Heartburn and indigestion
Heartburn will bother most mums-to-be at some point during their pregnancy. In the first trimester, this
is thanks to hormonal changes that relax the valve that separates your gullet from your stomach, allowing gastric acids to seep back up and cause a burning sensation in your lower throat and chest after eating. Mr Horner explains: “Heartburn can become an even bigger problem as the womb grows, shifting the bowels further upwards.”
What can you do?
“Try drinking a couple of glasses of water before a meal to aid digestion,” advises Mr Horner. “Avoid rich, spicy foods and keep fruit juices (which can be very acidic) to a minimum.”
“Make dresses your wardrobe staple,” suggests Sophie Devonshire, founder of Babes with Babies London. “They don’t dig in around your stomach, so won’t exacerbate heartburn. Our Magic Maxi Dress is hugely popular because it skims away from your tummy for maximum comfort.”
Suffering at night? Try drinking a glass of warm milk before going to bed and propping your head and shoulders up with a pillow, so gravity can help keep your stomach acid where it should be. “Gaviscon is completely safe to take during pregnancy,” adds Mr Horner.

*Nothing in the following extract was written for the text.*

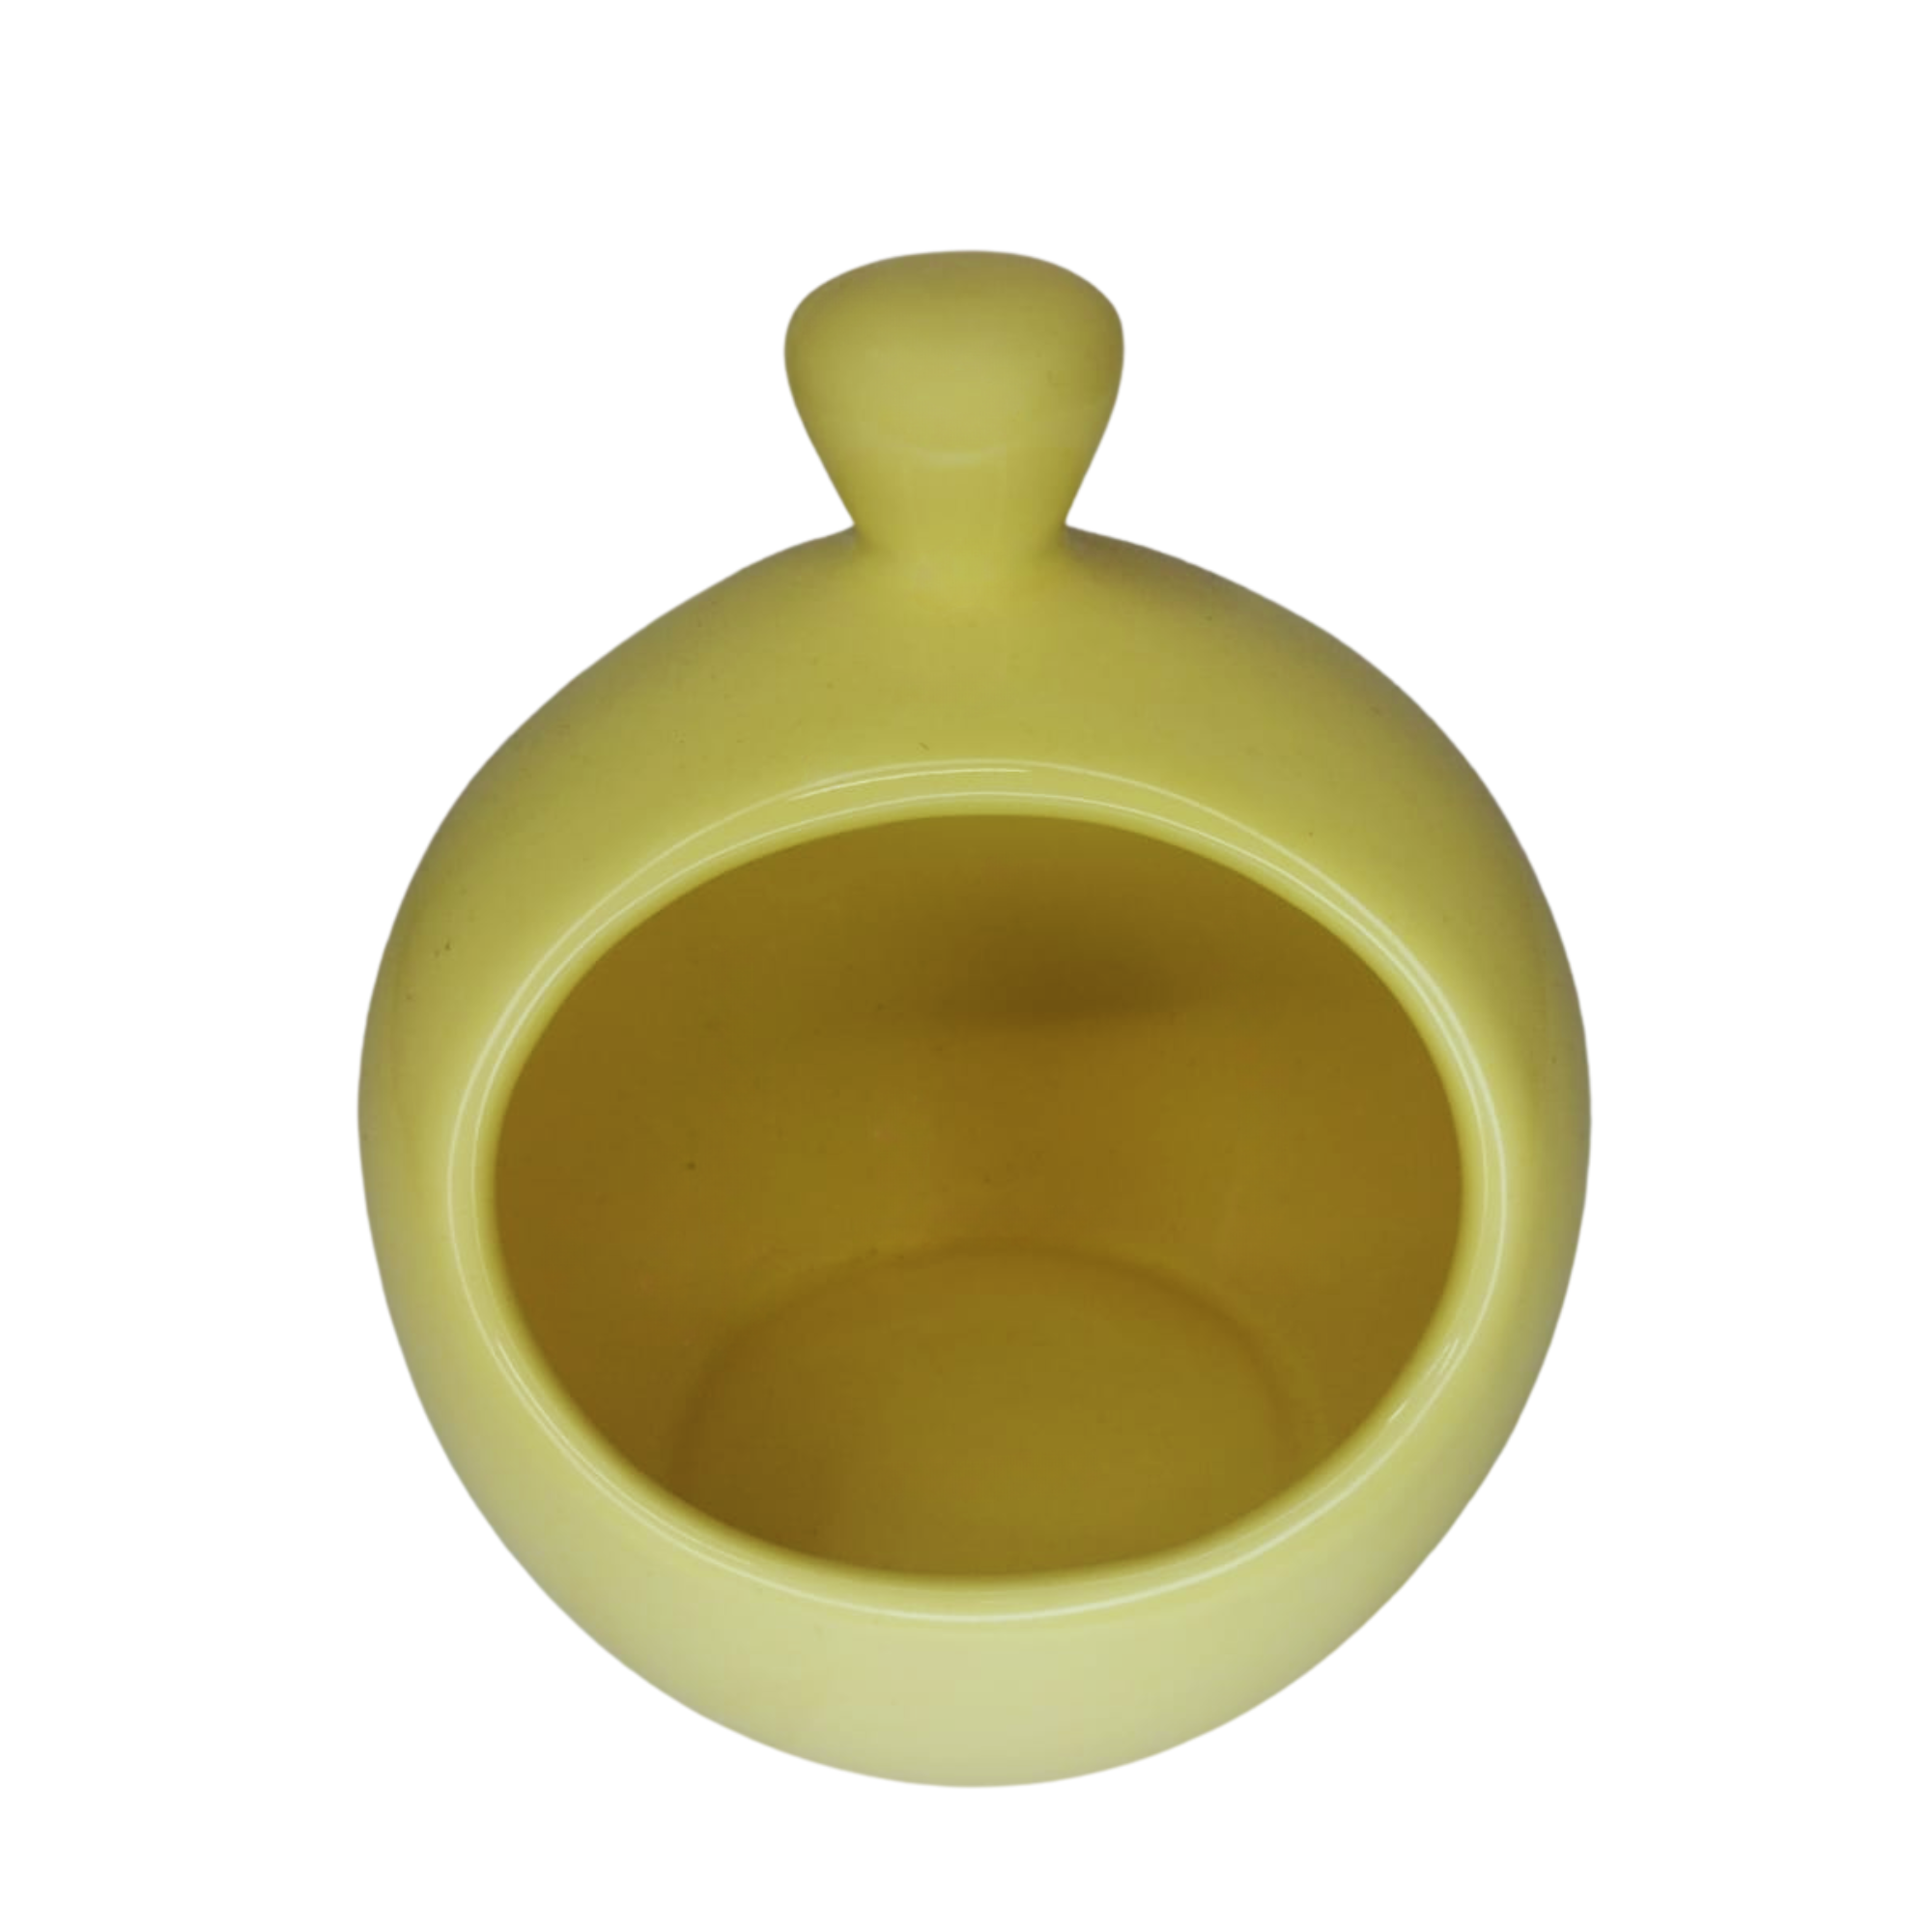 Porta Alho de Cerâmica - Um Toque de Charme e Praticidade para Sua Cozinha!:amarelo - 1

Vaginal discharge and urinary incontinence
There may be all sorts of unexpected fluids making an appearance down below during pregnancy. “Many women need reassuring that the volume and consistency of vaginal discharge they experience is perfectly normal,” says Mr Horner. “It can often disappear for weeks then reappear again.”
Around a third of women will also experience stress incontinence (leaking a little urine when you sneeze, cough or laugh) particularly in the third trimester, when the baby’s head is low and pressing on the bladder.
What can I do?
“Don’t worry – your discharge can be white, creamy, clear, yellow, sticky, slimy or watery, and still be completely normal,” explains Mr Horner. “Seek advice if it smells offensive, which is usually a sign of a simple bacterial infection that’s easily cleared up with pessaries.”

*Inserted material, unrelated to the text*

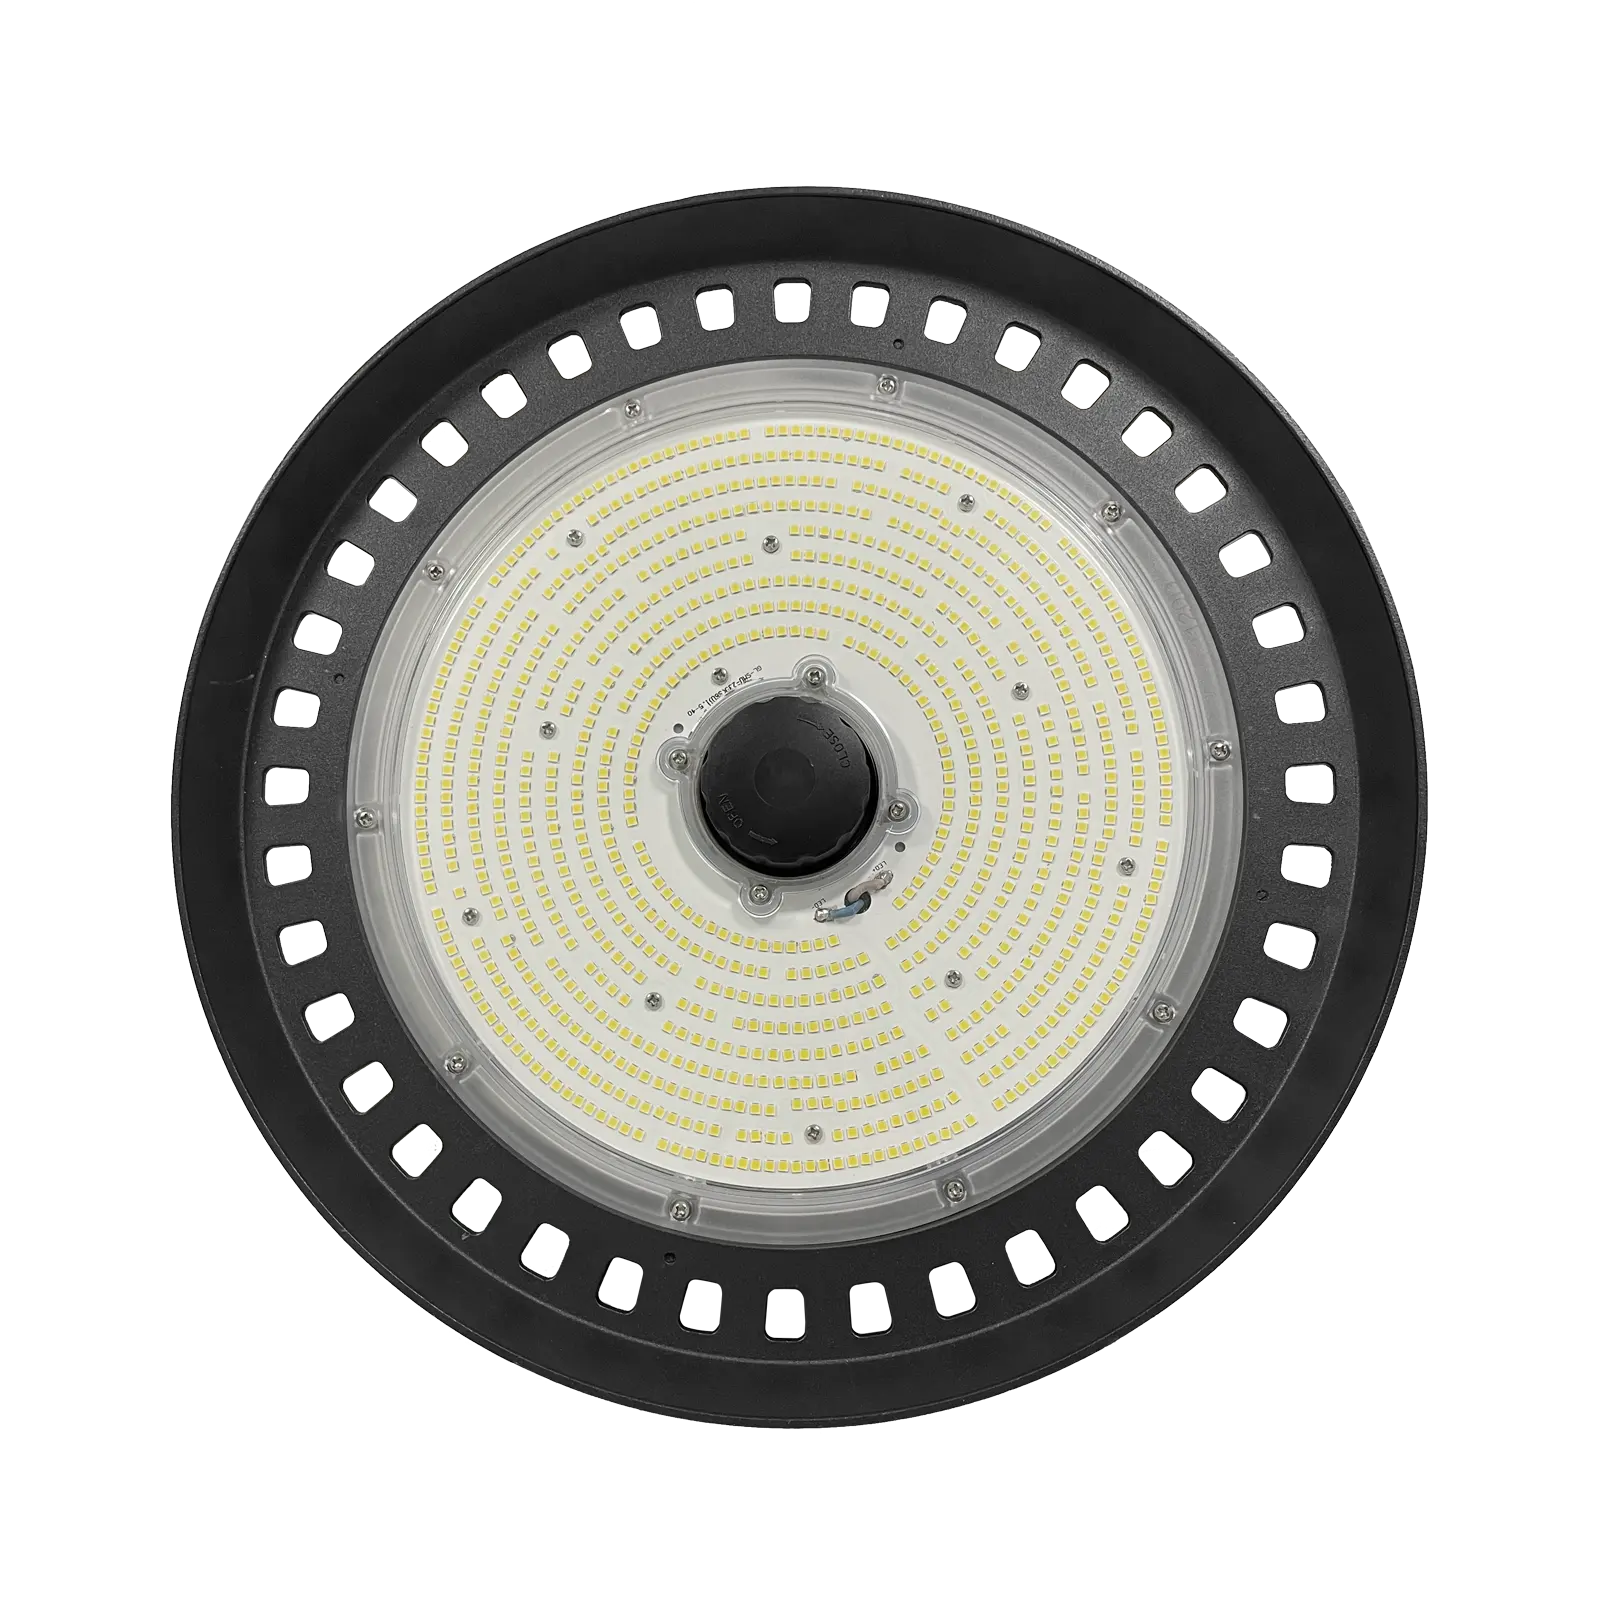 ไฟ LED ไฮเบย์สำหรับอุตสาหกรรม100W 150W 200W 240W สีดำส่องสว่างโคมไฟที่เก็บพลังงาน OEM เครื่องหมาย EVO

Keep drinking plenty of water during the day, as dehydration could lead to constipation, but try not to drink too much before you go to bed to avoid ‘accidents’ in the night.

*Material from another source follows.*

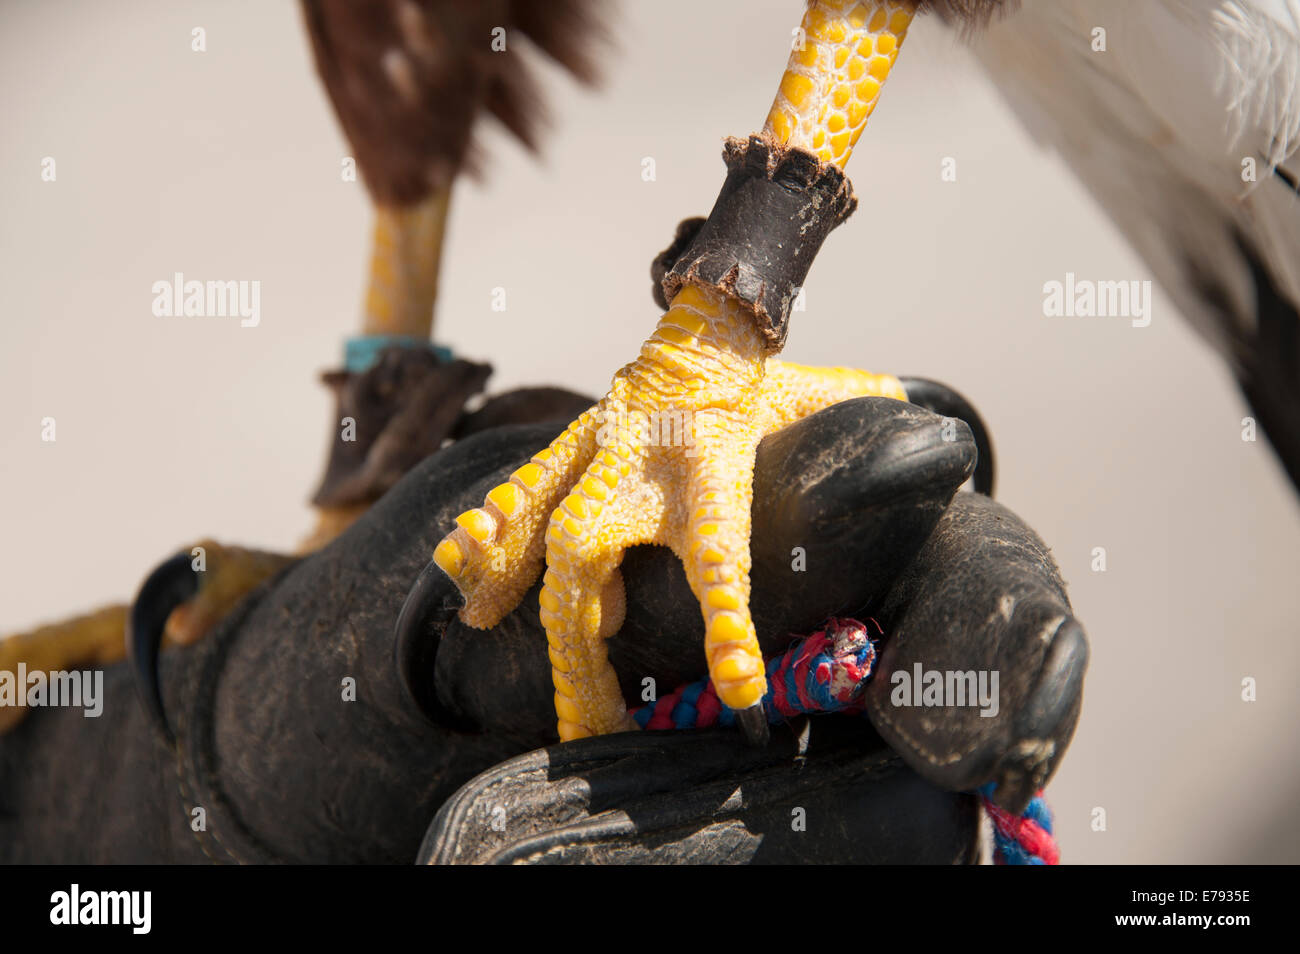 Gli uccelli rapaci piedi artigli artigli guanto in pelle Sharp Foto Stock

Schedule regular loo breaks even if you don’t feel like you need to go, and wear pantyliners to help soak up any leaks. “Towards the end of pregnancy, an increase in discharge means some women may need to change their underwear several times a day,” adds Mr Horner.
Post-delivery, it’s crucial to practice pelvic floor exercises to re-educate your weakened muscles. Mr Horner explains: “If you do your exercises, problems improve quite quickly in the first couple of weeks after birth. By about three to four months, everything should be back to normal.”
Hair growth (and then loss)
Those surging hormones can result in pregnancy-induced hair growth in some women.
“Many women are concerned to find themselves with dark hair on their tummies,” says Mr Horner.
It can come as a shock to suddenly find yourself shedding hair from your head around three months after birth, as well.
What can I do?
“Remember that excess body hair might be an unwelcome addition, but it’s only temporary and will disappear within three to six months of birth,’ explains Mr Horner.
If you want to remove body hair during pregnancy, steer clear of bleaches or hair removal creams, which could absorbed into the skin, and stick to plucking, shaving or waxing.
Seeing large numbers of strands on your pillow or hairbrush after birth might look alarming, but your hair is simply returning to its natural pre-pregnancy cycle. The loss should slow within a few months.
There’s not much you can do but be patient – but letting your hair air dry naturally and avoiding pulling it into tight styles or ponytails will help avoid stressing your scalp further.